What if our constant pursuit of innovation and progress, rather than inspiring wonder and creating soulful connection, is actually separating us from an unknown longing to be truly known and truly loved? 

For many, this swift, intense interplay of progress and regress is seen as an inevitable result of our human evolution. In practice, it is the only way true discovery and radical breakthroughs can happen. However, it's clear that our current cultural challenges won’t be answered by this ongoing experiment. More progress isn’t the answer. 

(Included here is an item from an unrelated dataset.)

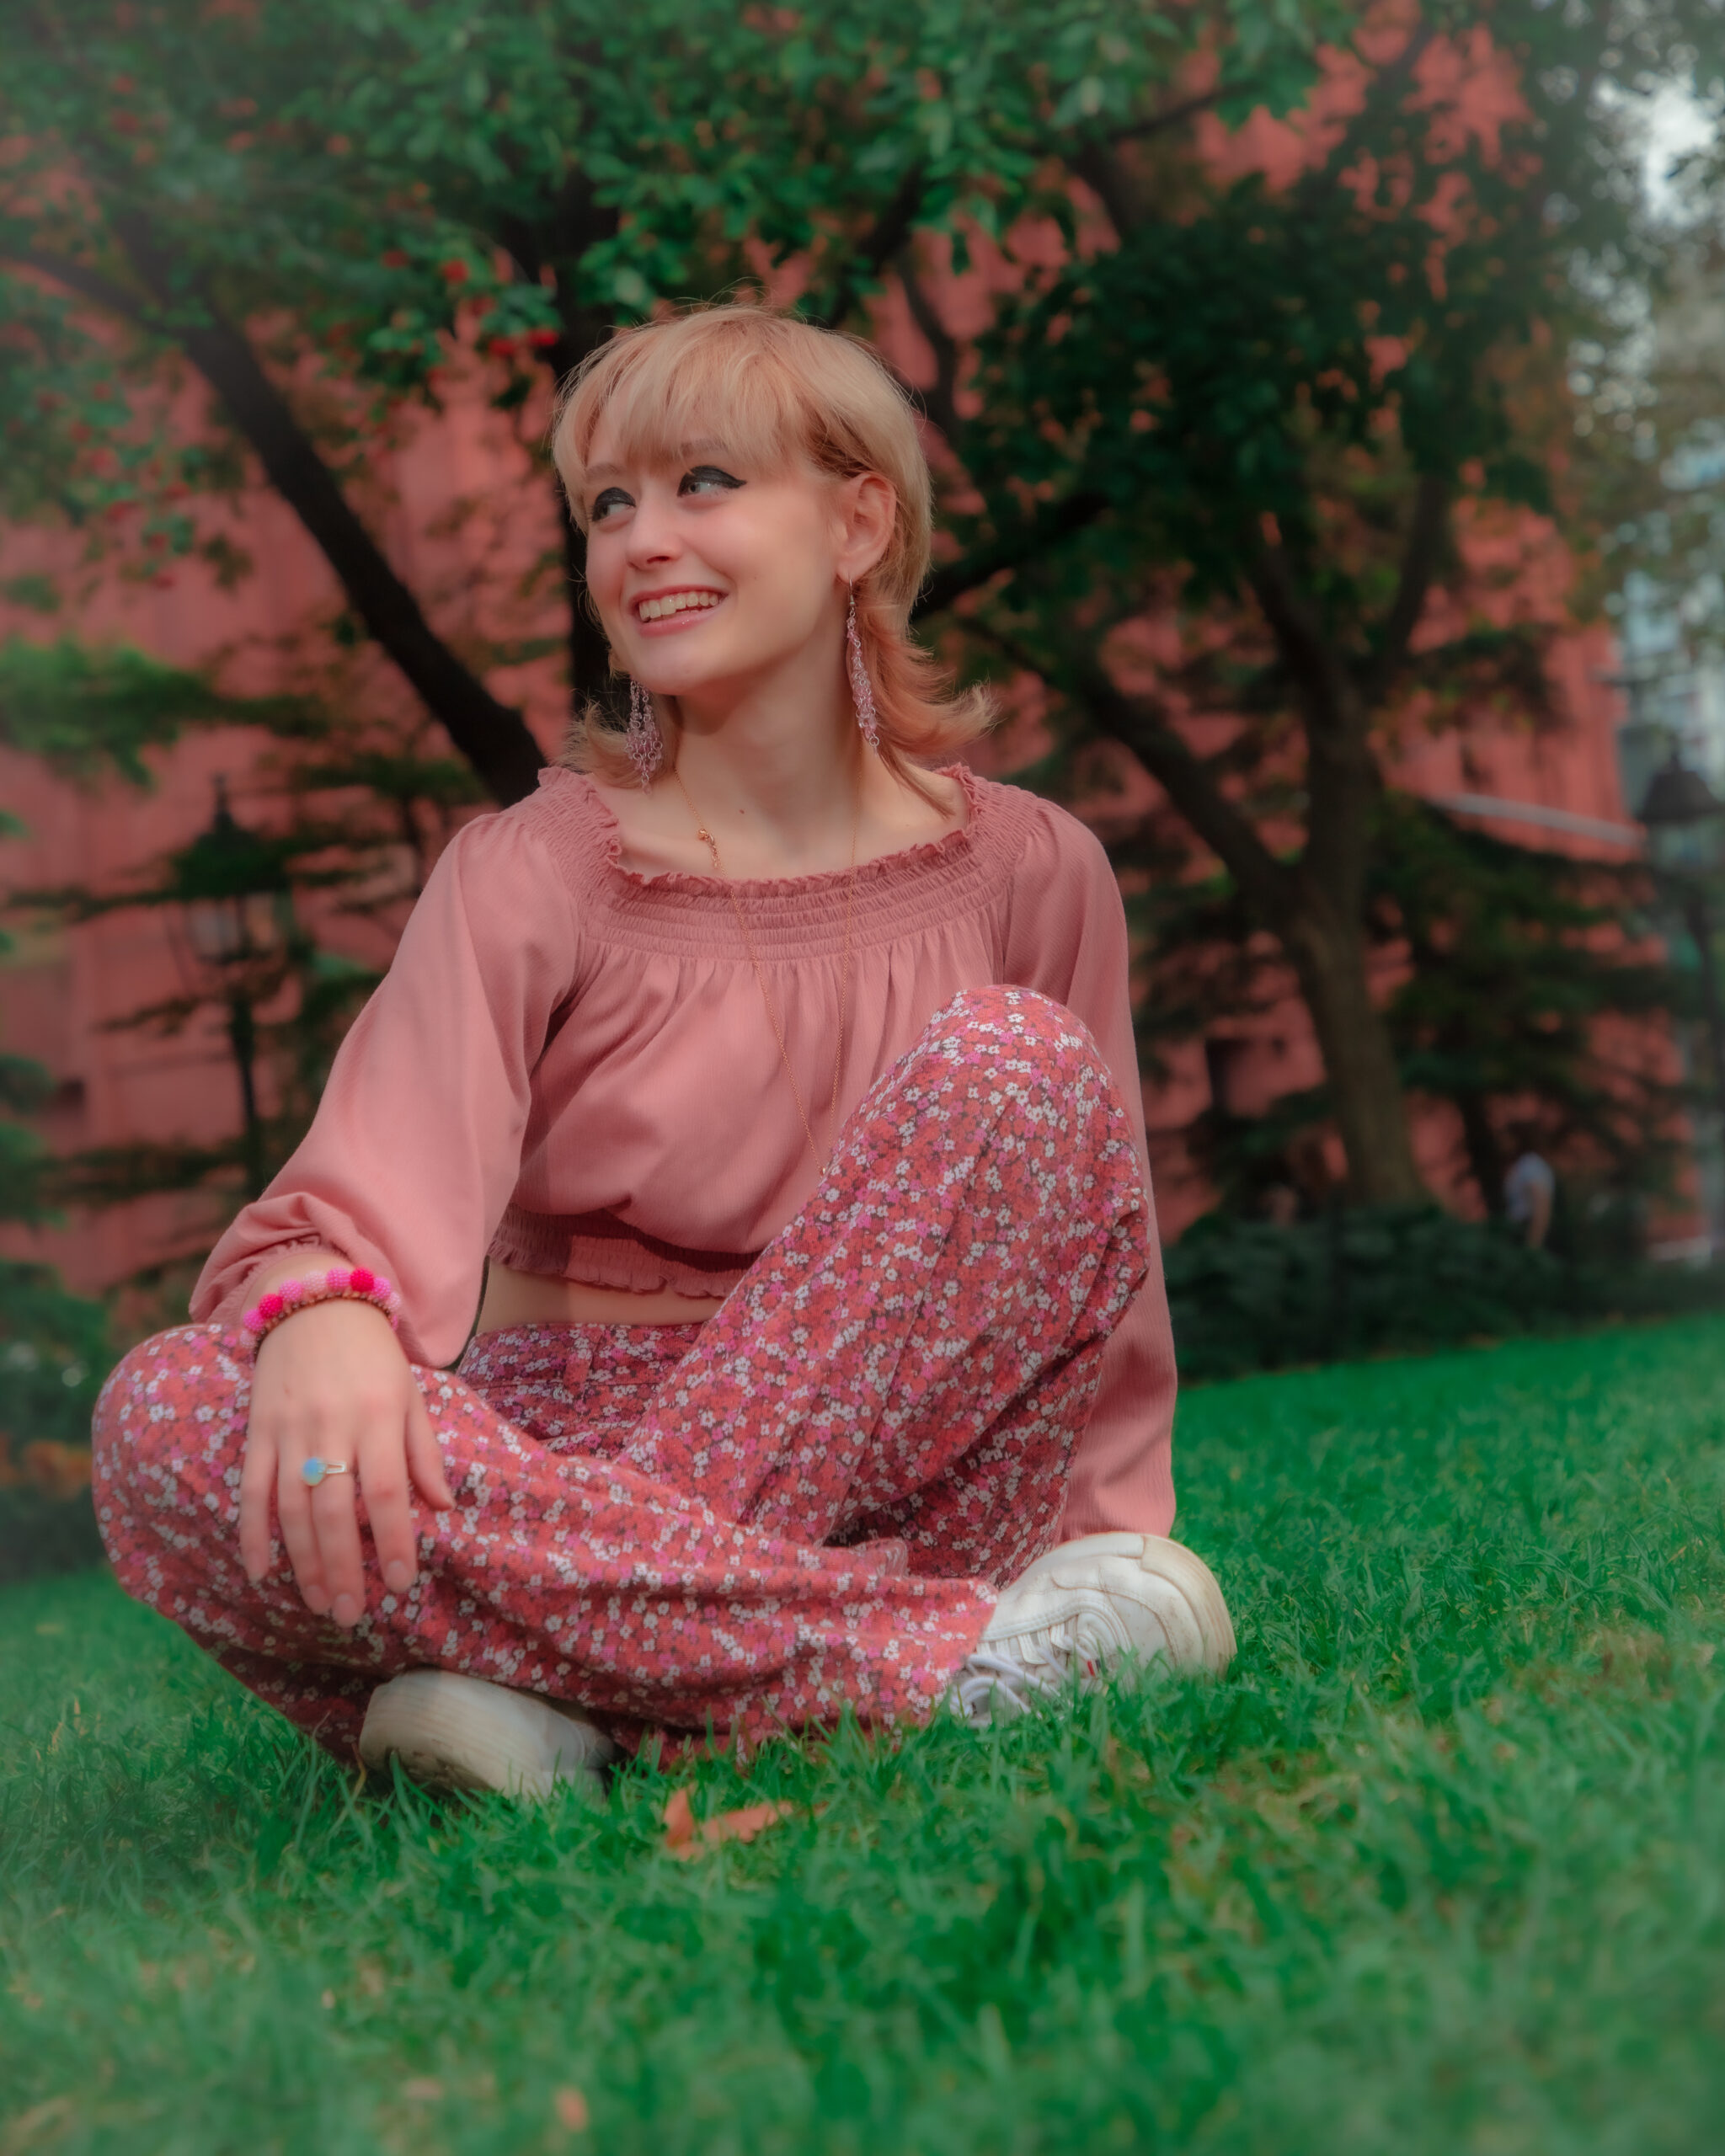 The image displays a woman sitting cross-legged on grass, with a smiling expression and looking upwards to her right. She has blonde hair with bangs, and she's wearing a pink blouse paired with floral-patterned trousers. She has on white sneakers and is adorned with earrings and a ring. The background features green foliage and a reddish-pink building, which together with the woman's attire and the green grass, creates a colorful and relaxed outdoor setting

What if, in our super modern world where hope often feels out of reach and despair is common, an ancient book and a profound idea can shed light on what ChatGPT and Victor Frankl are getting at? The Bible consistently talks about God's desire for a relationship with us, a longing to be known and loved so that he can in turn know and love us. 

Our relentless pursuit of constant change and true innovation may well reflect a profound, yet undiscovered inner yearning: a mirror of the intended two-way connection between God and people. Perhaps the intensity with which we chase external goals of development and discovery stems from our inability to resolve an inherent, unspoken dilemma within humanity.

Could the Bible, in a world shaped by AI, force us to confront and even understand the complexities of the world and our place in it? Could God use AI - a hyper advanced technological tool - to draw our attention to Him and reveal to us the ancient truth of what we truly yearn for? Is it, as ChatGPT quickly summarized, really that simple? 

Ultimately, the one thing that the human soul longs for most deeply is: To be fully known and truly loved.